Hi All,
I have read the documentation on replacing strings in the response content. Seems there are two ways: via AssignMessage Policy or via a Javascript Policy. Is there any performance difference between these methods?
Also I am wondering why my policy doesn’t work.
<?xml version="1.0" encoding="UTF-8" standalone="yes"?>
<AssignMessage name="AM-Set-Custom-Response">
<AssignTo createNew="false" type="response"/>
<IgnoreUnresolvedVariables>true</IgnoreUnresolvedVariables>
<Set>
<Payload>{replace(response.content, '^https://urltoreplace/','https://replacementurl')}</Payload>
</Set>
</AssignMessage>
Thanks again for all the support this community provides.
I don’t have an estimate for performance differences. AssignMessage is generally very fast, and JavaScript is generally slower. But … I would suggest that you just use the simplest thing possible. Optimize on whatever seems to be most maintainable. Worry about performance later.

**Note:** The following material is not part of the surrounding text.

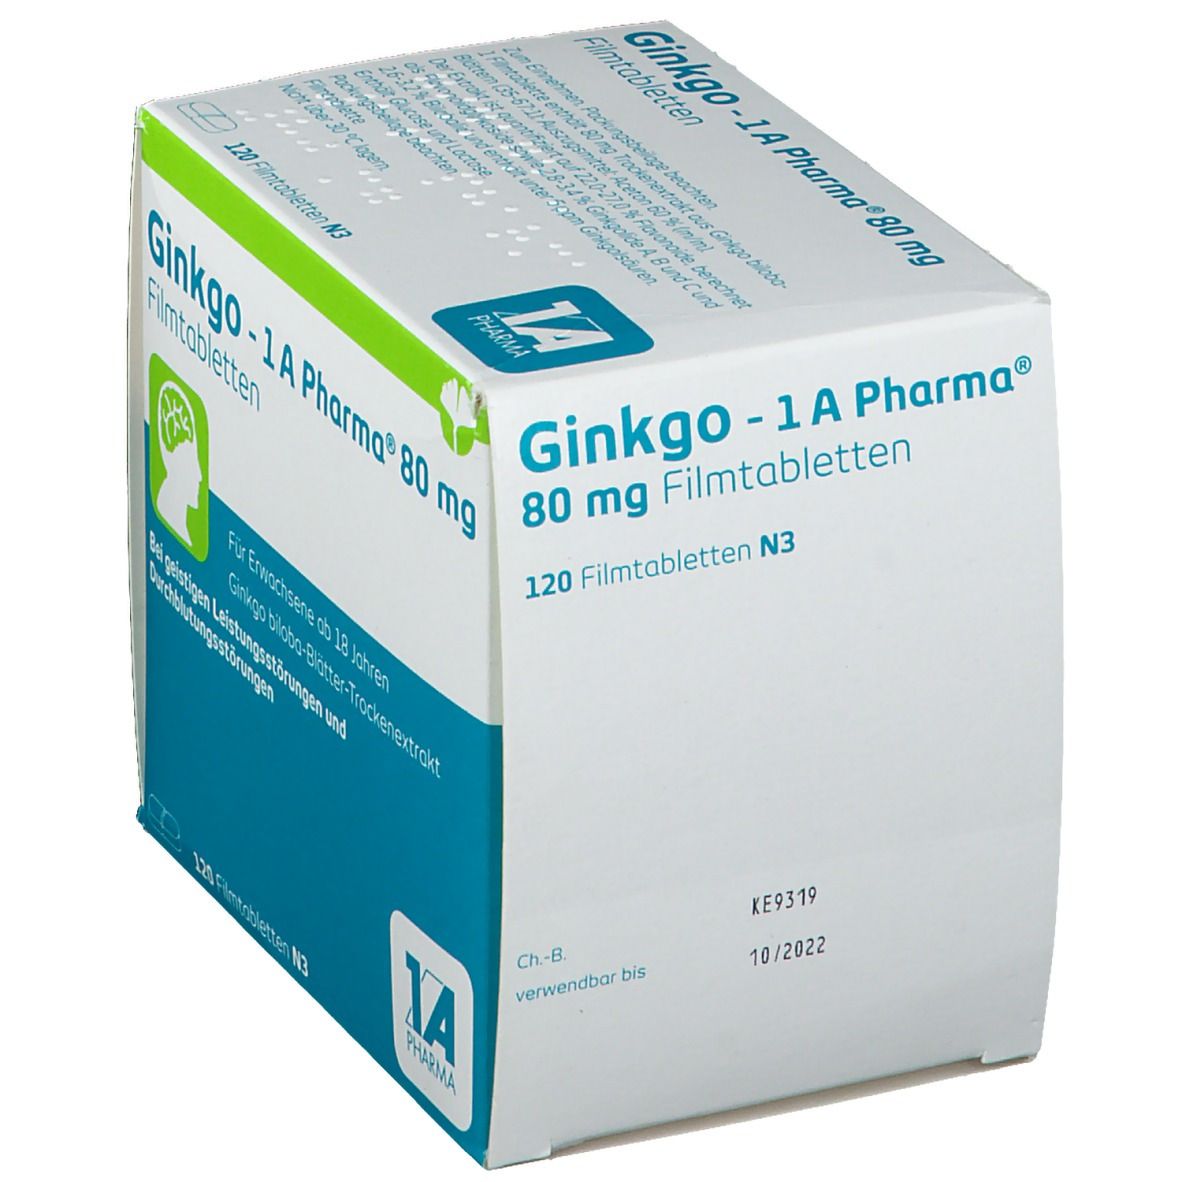 Ginkgo - 1A Pharma® 80 mg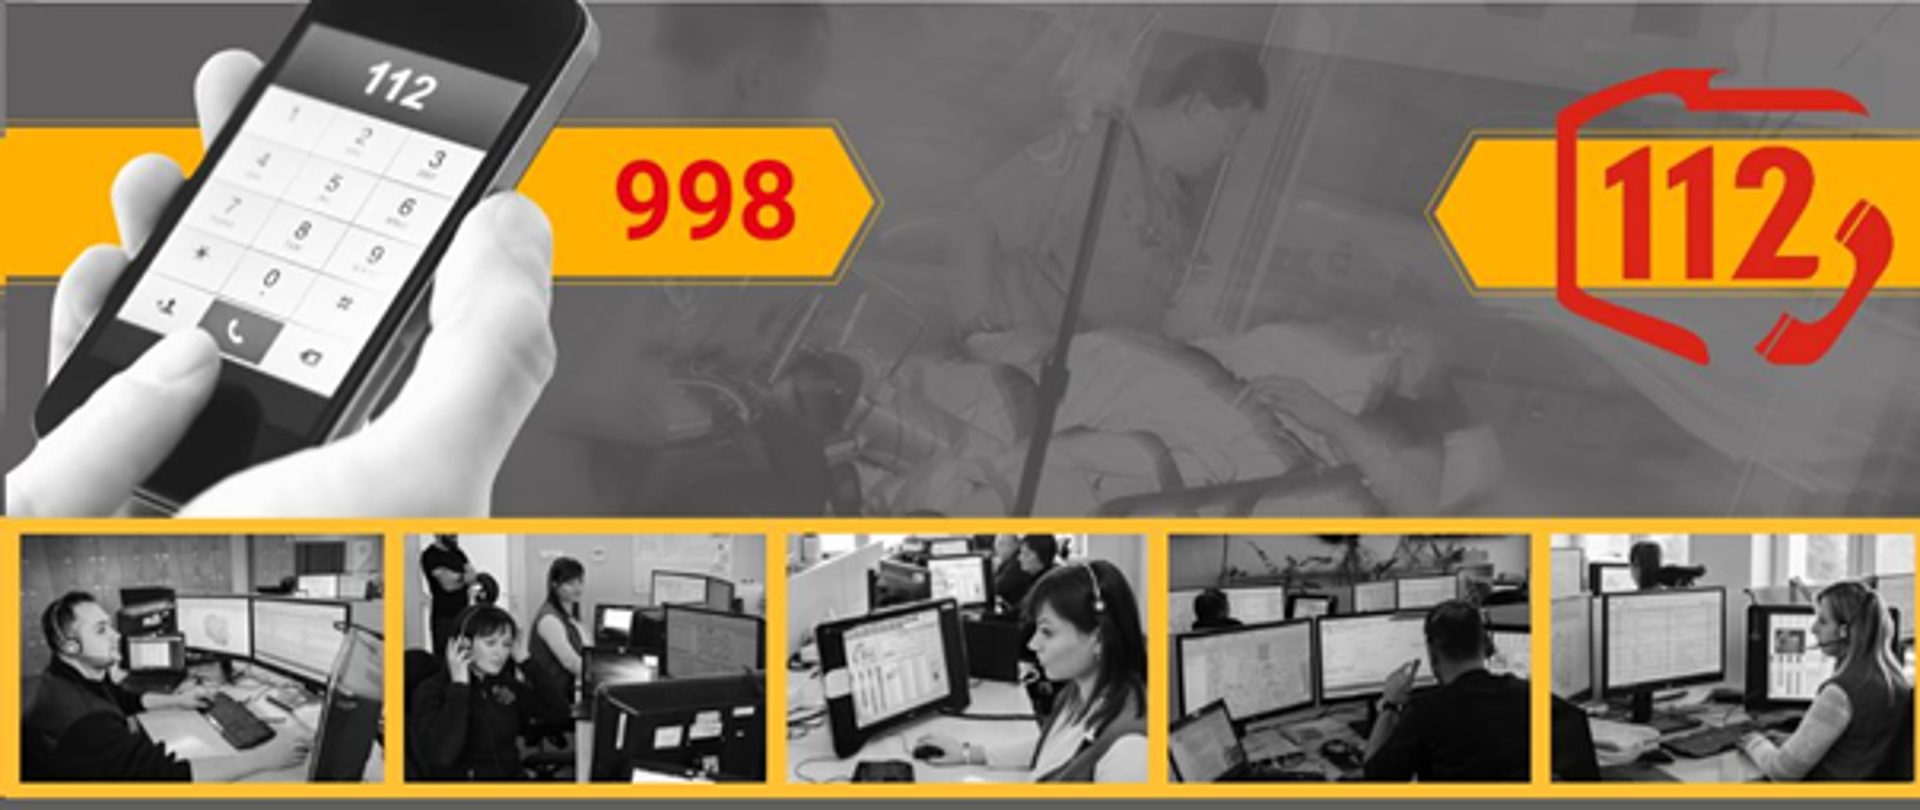 Plakat informacyjny dotyczący przełączenia numeru alarmowego 998 na 112. Na obrazku znajduje się telefon komórkowy i numery telefonów 998 i 112.

as for your policy, I suggest 3 things:
- eliminate spaces in the template
- use temp variables.
- use replaceAll
Like this:
<AssignMessage name="AM-Set-Custom-Response">
<IgnoreUnresolvedVariables>true</IgnoreUnresolvedVariables>
<AssignVariable>
<Name>needle</Name>
<Value>^https://urltoreplace/</Value>
</AssignVariable>
<AssignVariable>
<Name>replacement</Name>
<Value>https://replacementurl</Value>
</AssignVariable>
<Set>
<Payload>{replaceAll(response.content,needle,replacement)}</Payload>
</Set>
</AssignMessage>
Also, last thing, this is ineffectual, a no-op:
<AssignTo createNew="false" type="response"/>
…so you can safely omit it from your policy.